Hooray for psychology.... Screws up your mind but makes you feel you a thousand times better until God helps you finally realise that counsellors are manipulative liars pretending they are people who you can trust but ends up telling everyone else your secret and sometimes sleep with other people's spouses. Ironically, marriages counsellors are like that.
I FREAKIN LIED!!!!!


Any psychologists reading this and thought I need help, well you just got punked . I lied. I was never admitted in any hospital, haha but I am really mental. No I don't want to talk about my feelings because honestly no one really would really full heartedly listen to me. Trust me, I have so many rude people cut me off after I started the first few sentence of my "feelings". I guess that's why that me makes me a great listener except for the people I have utmost dislike, then I don't want to acknowledge your existence.

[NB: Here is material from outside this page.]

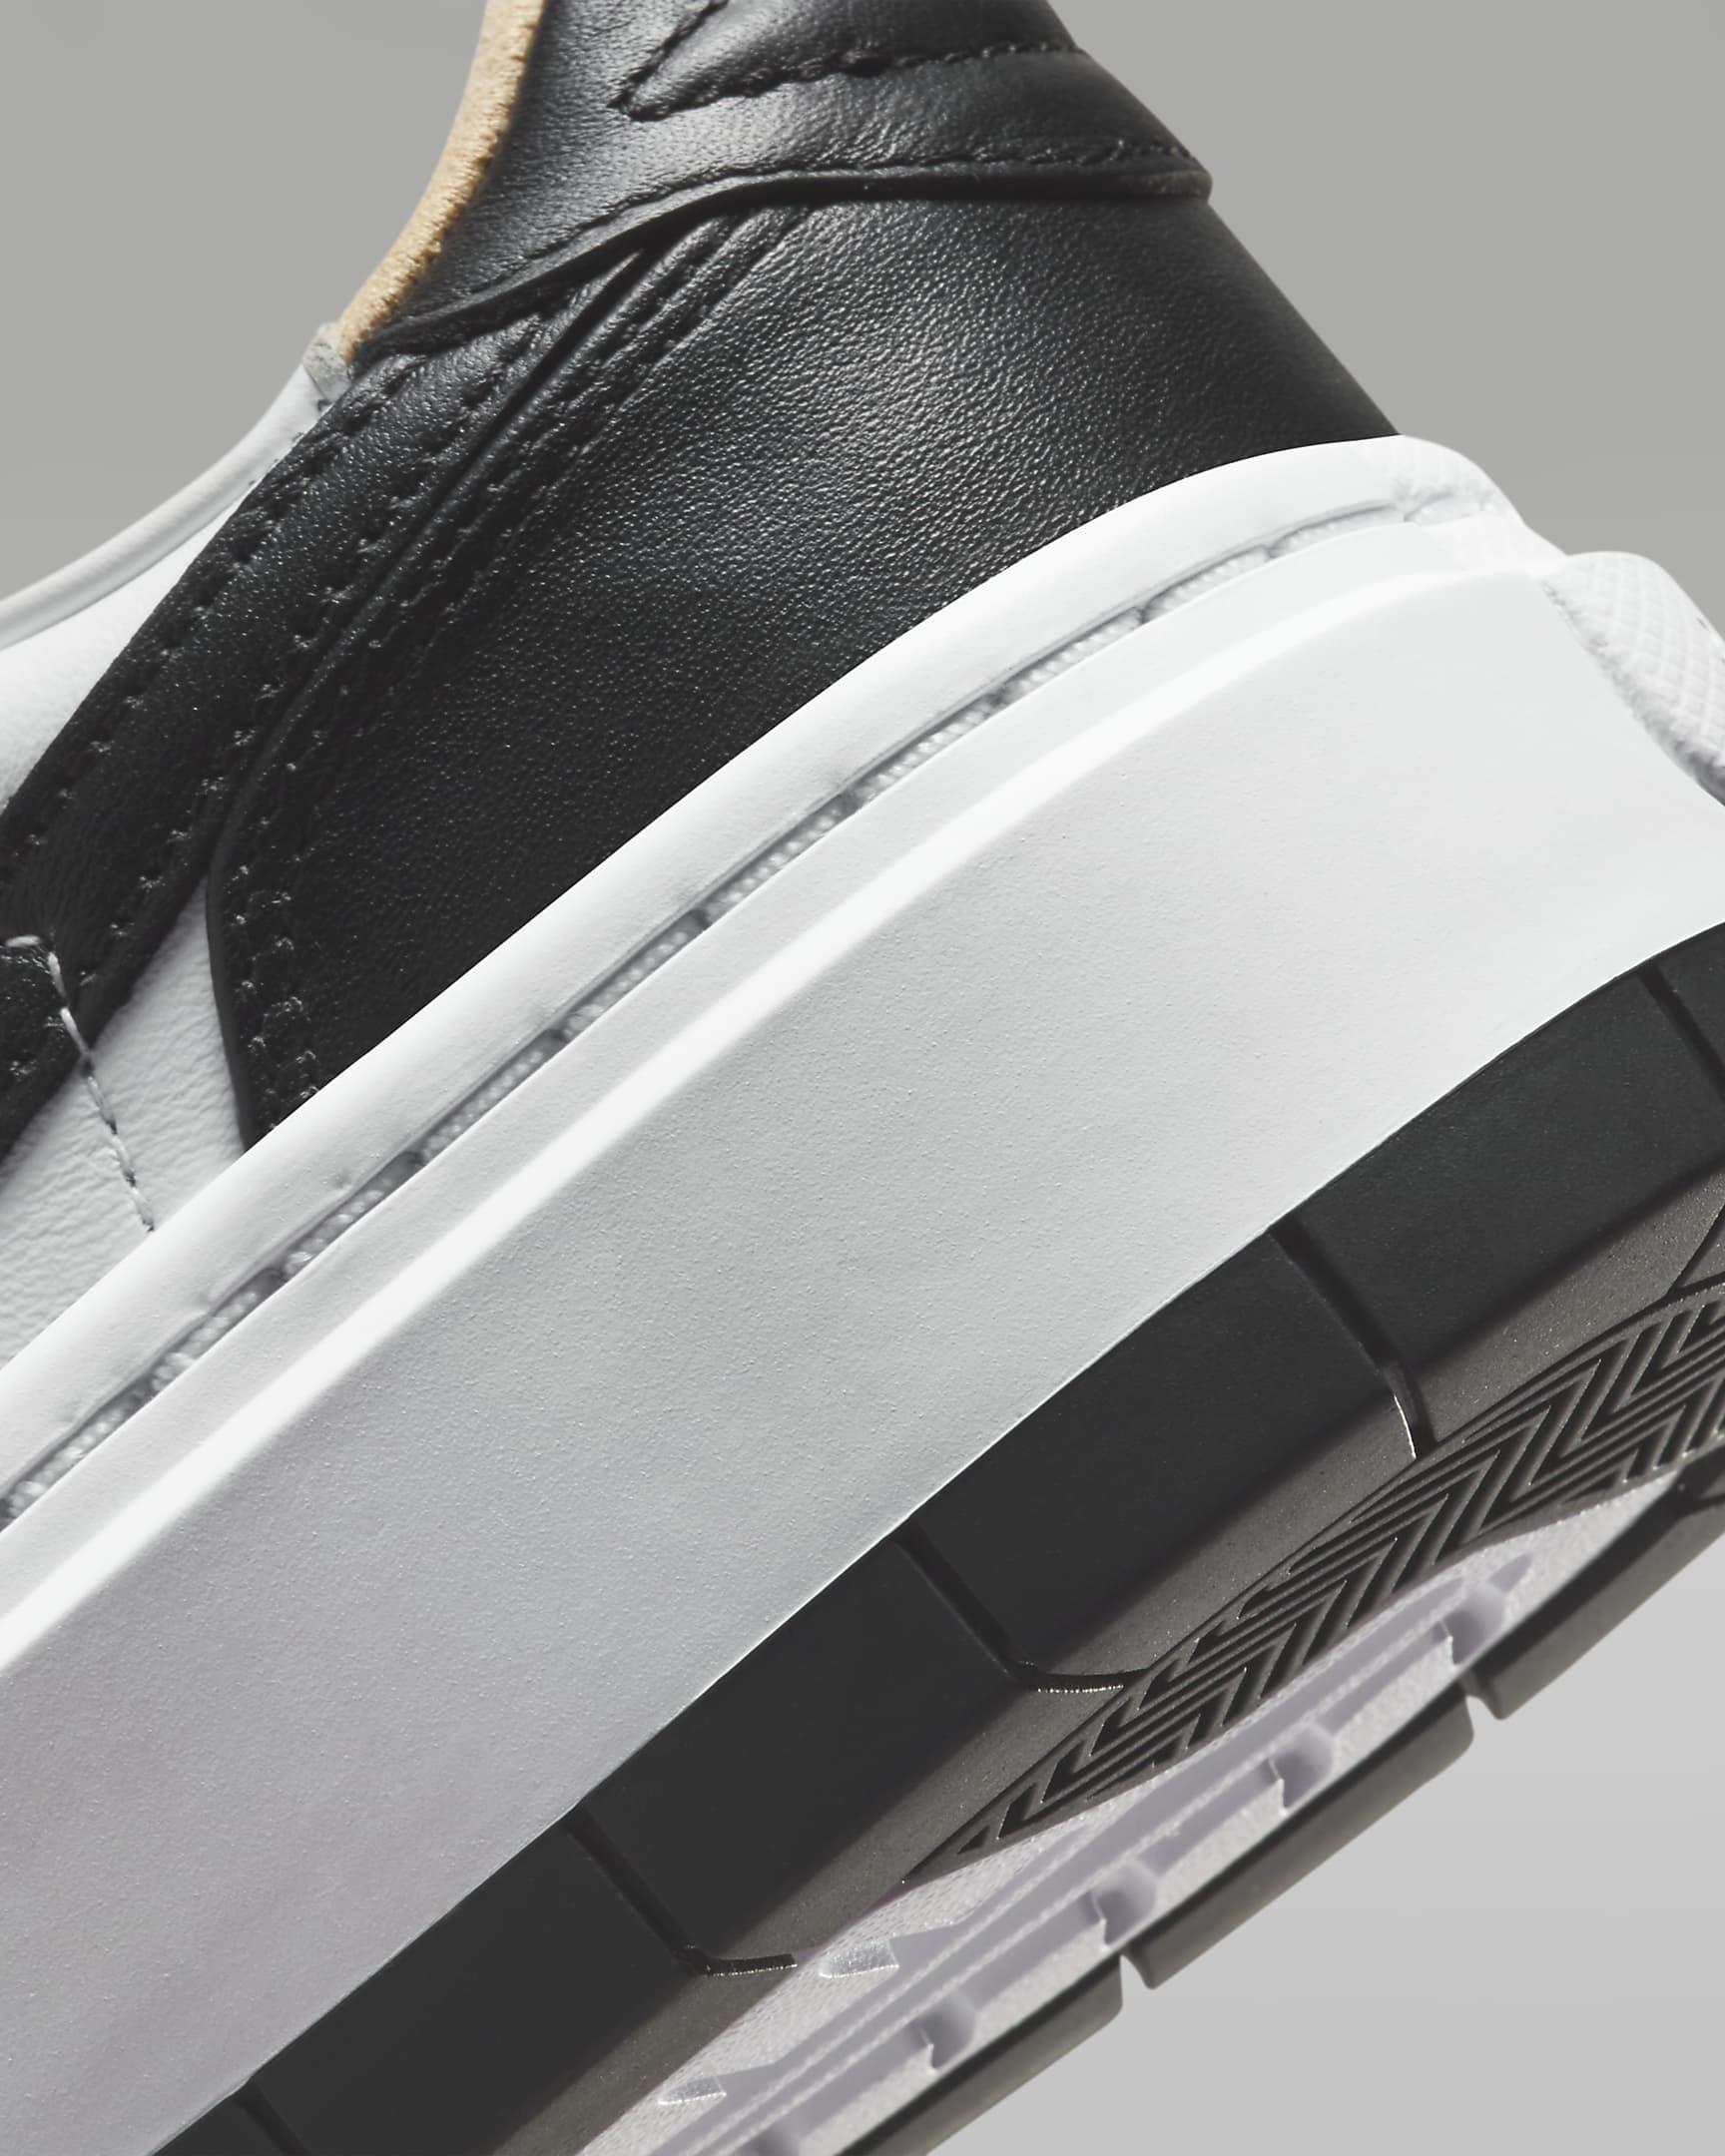 Chaussure Air Jordan 1 Elevate Low pour Femme - Blanc/Blanc/Noir

If I don't like you, I'll avoid you. Simple as that. Not really,.... I might kinda talking trash about you. I know I really shouldn't and I will definitely try not to because every time you start dookie about others, God will make sure your tongue gets cut, burn or bitten. God is merciful but he will make sure you learn your lesson. So you better bite your tongue! 

Alright I think I said enough, time to screw my head back. This post is a little difficult to write mainly because I cried thinking over about what my mum said. But no matter what I know God has a plan and everything in his hands. I heal, you know.I ain't happy but, I'm feeling glad.I got sunshine, in a bag.I'm useless, but not for long.The future is coming on. GORILLAZ!!!